Data provided:
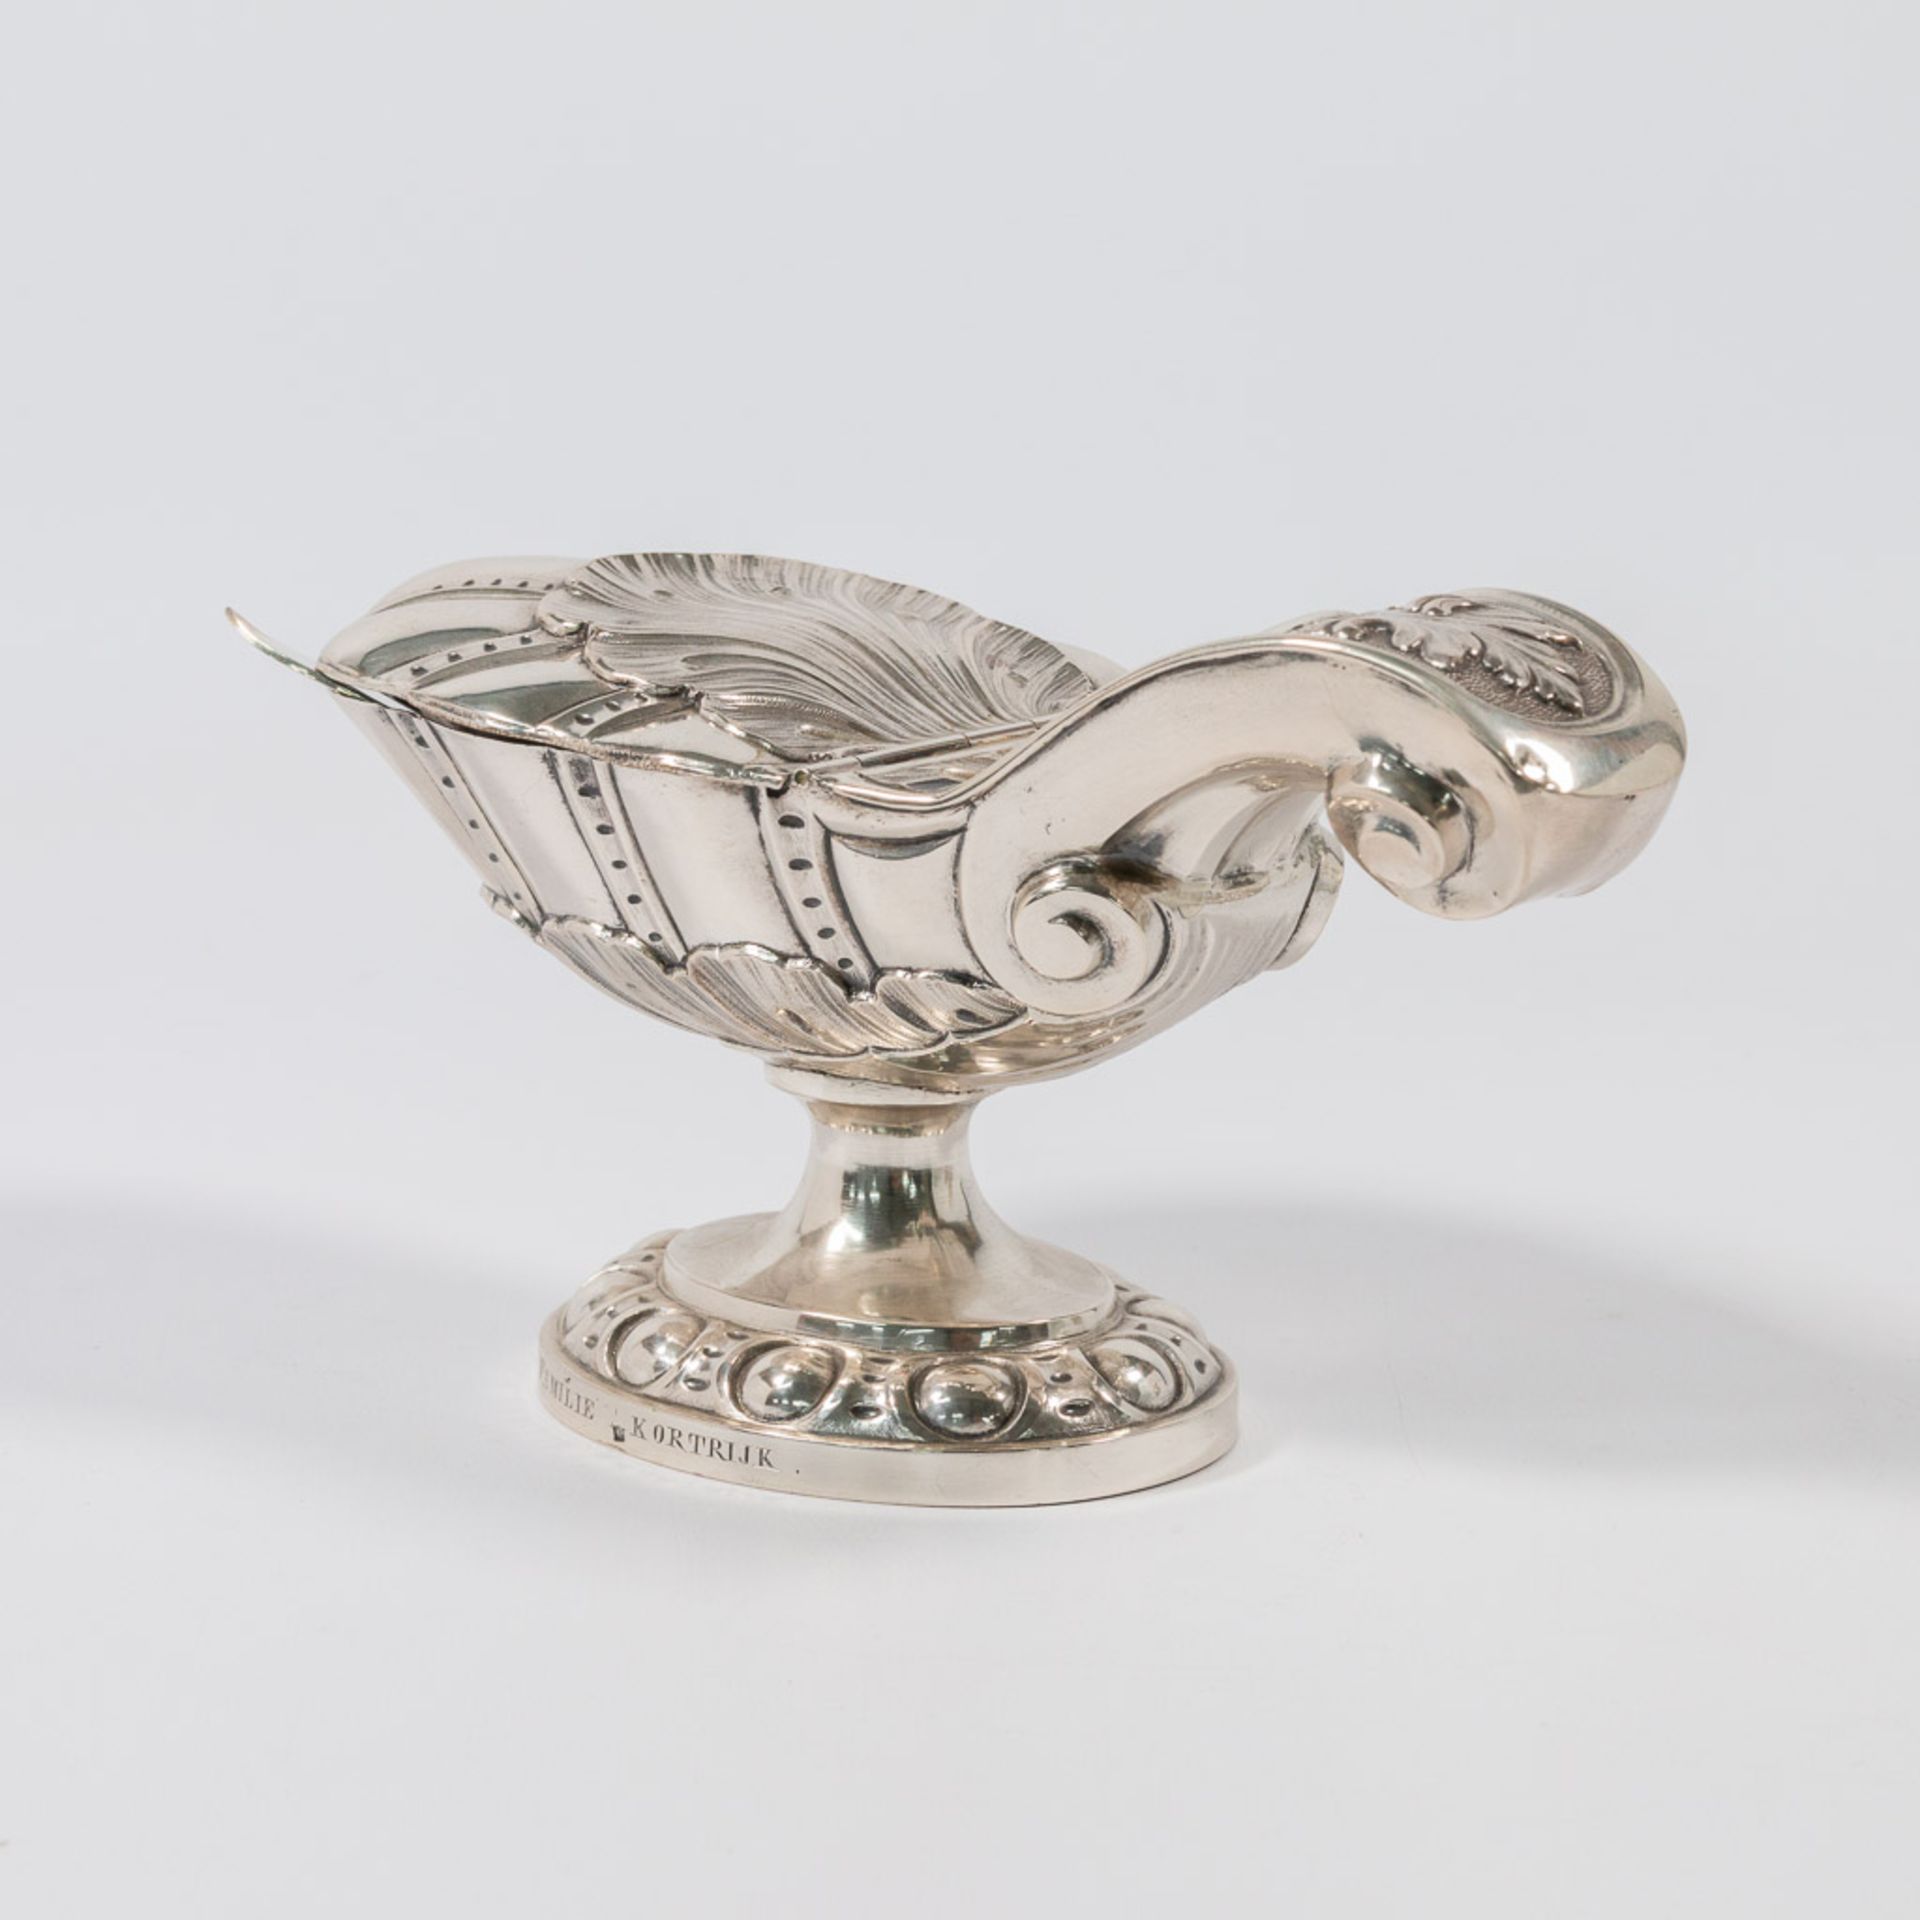 A silver Insence burner and Insence jar. - Image 6 of 39
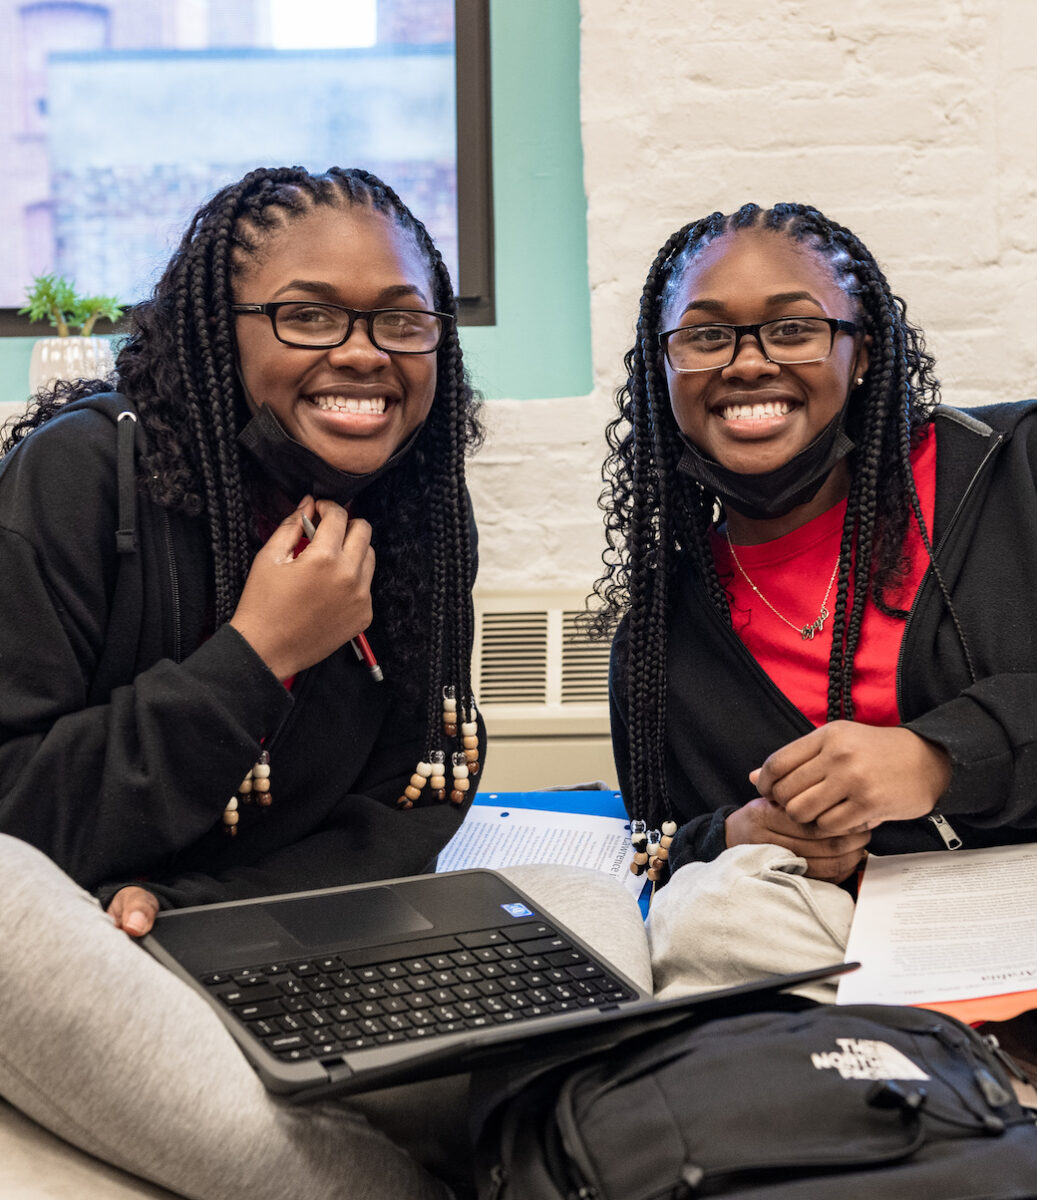 Twin teen girls smiling at the camera in Leadership Academy
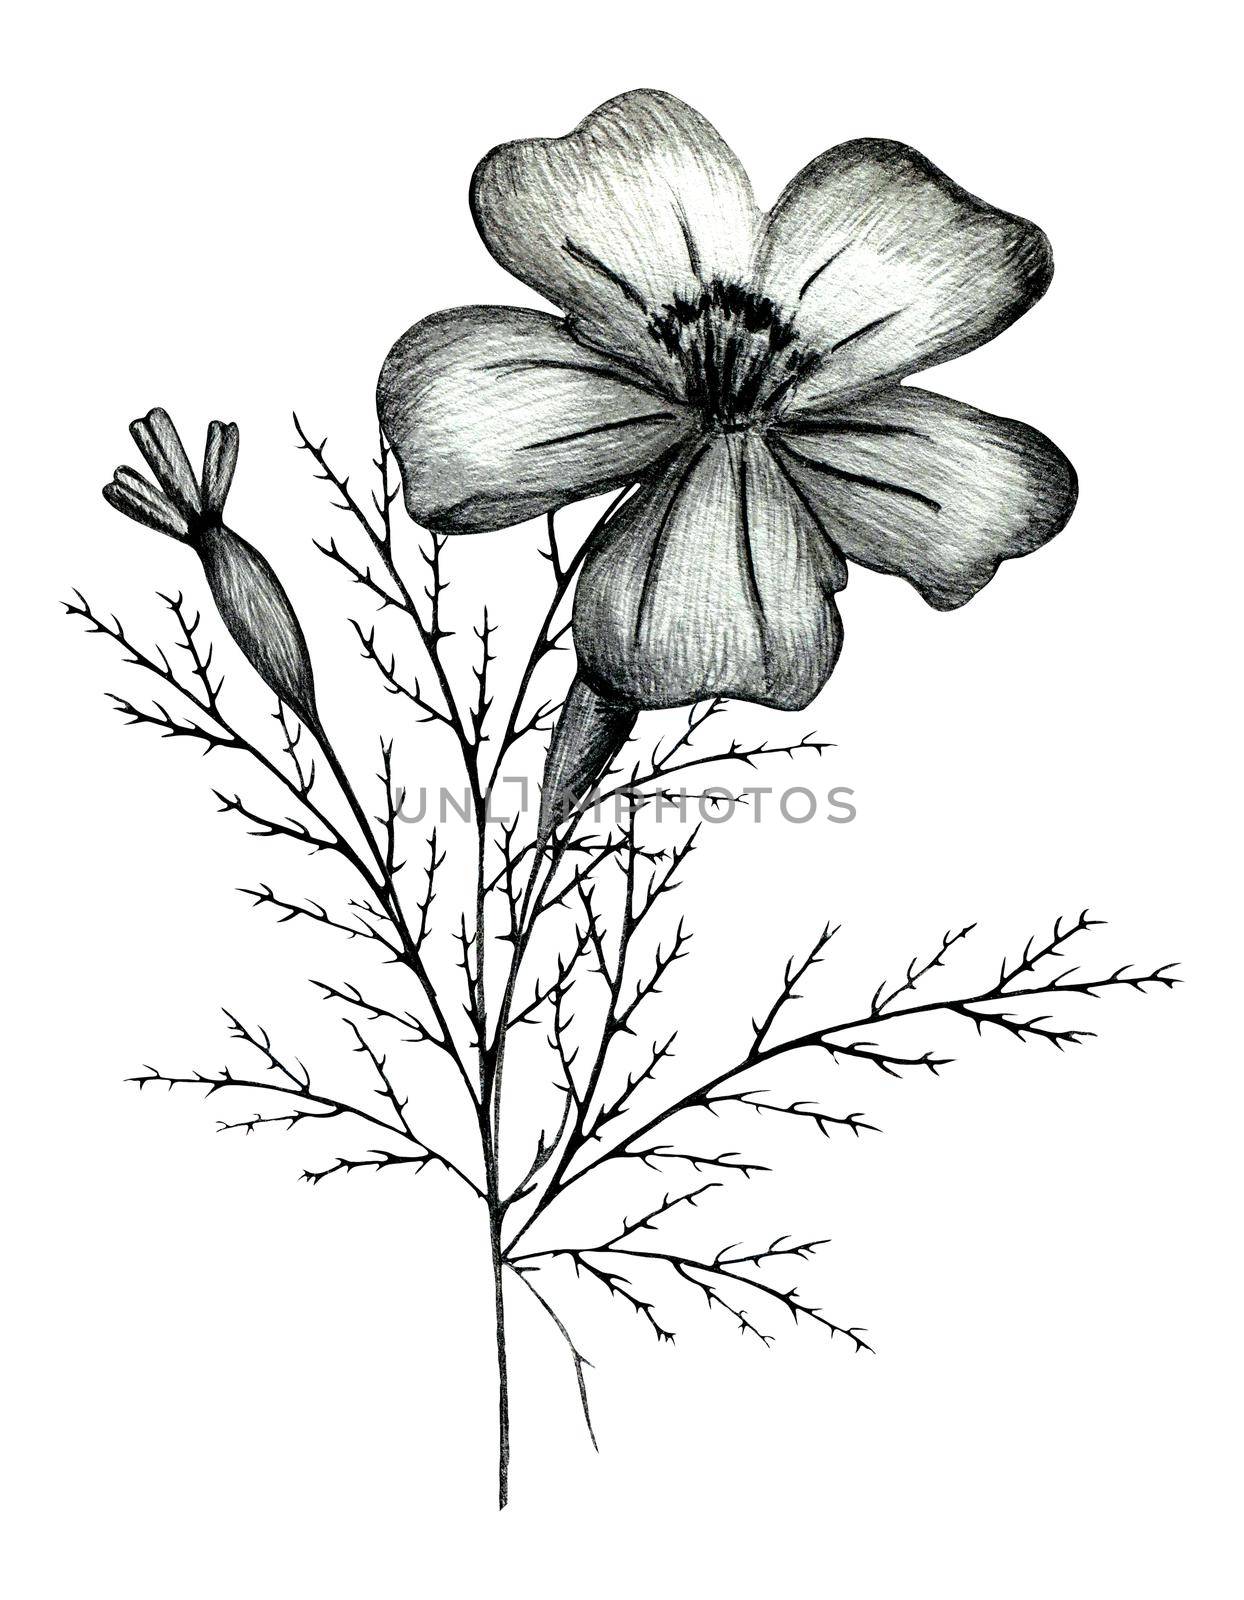 Black and White Hand Drawn Marigold Flower Composition Isolated on White Background. Marigold Flower Composition Drawn by Black Pencil.
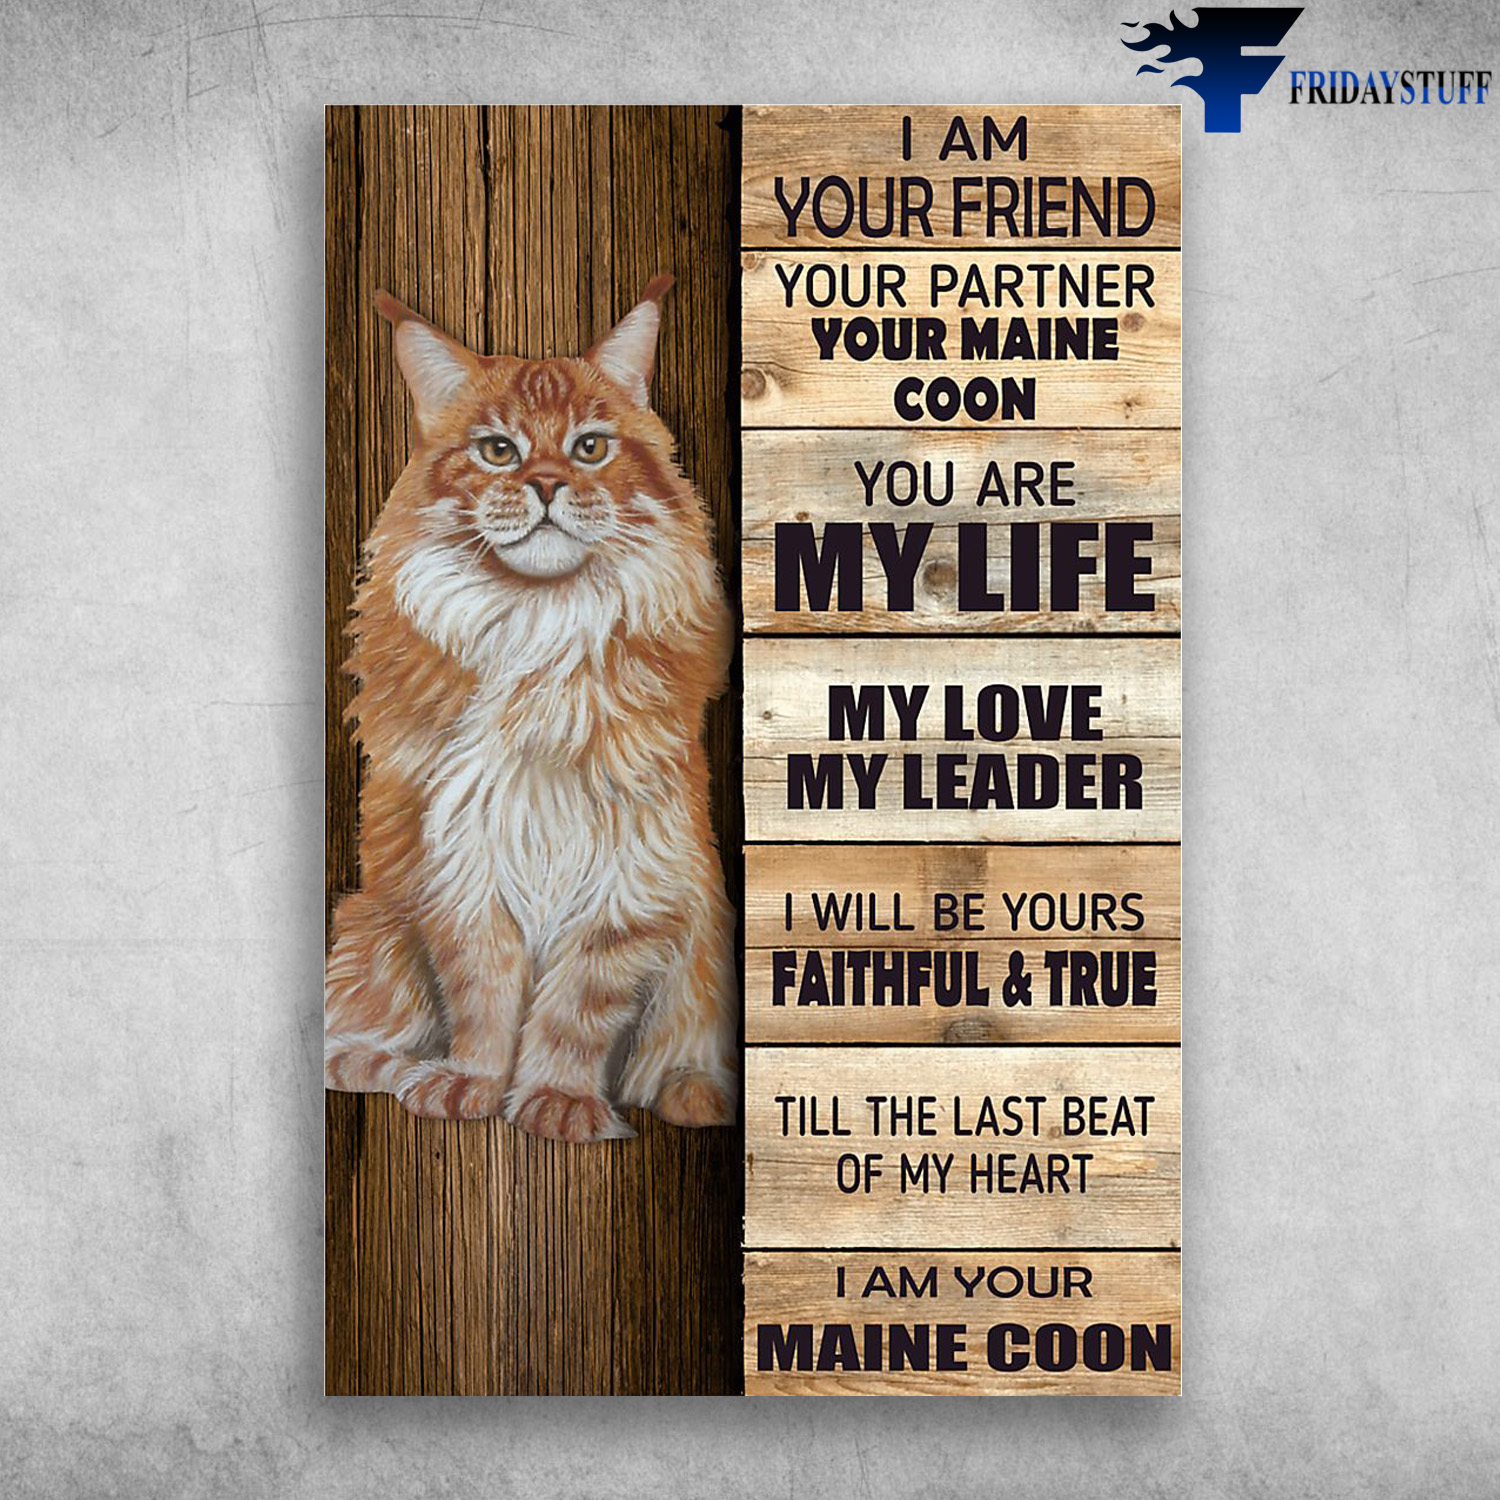 Maine Coon - I Am Your Friend, Your Partner, Your Maine Coon, You Are My Life, My Love, My Leader, I Will Be Yours Faithfull And True, Till The Last Beat Of My Heart, I Am Your Maine Coon

Task prompt:
Return the material in full, word for word, and skip the pictures.

Completed exercise:
 A silver Insence burner and Insence jar. - Image 6 of 39
 Twin teen girls smiling at the camera in Leadership Academy
 Black and White Hand Drawn Marigold Flower Composition Isolated on White Background. Marigold Flower Composition Drawn by Black Pencil.
 Maine Coon - I Am Your Friend, Your Partner, Your Maine Coon, You Are My Life, My Love, My Leader, I Will Be Yours Faithfull And True, Till The Last Beat Of My Heart, I Am Your Maine Coon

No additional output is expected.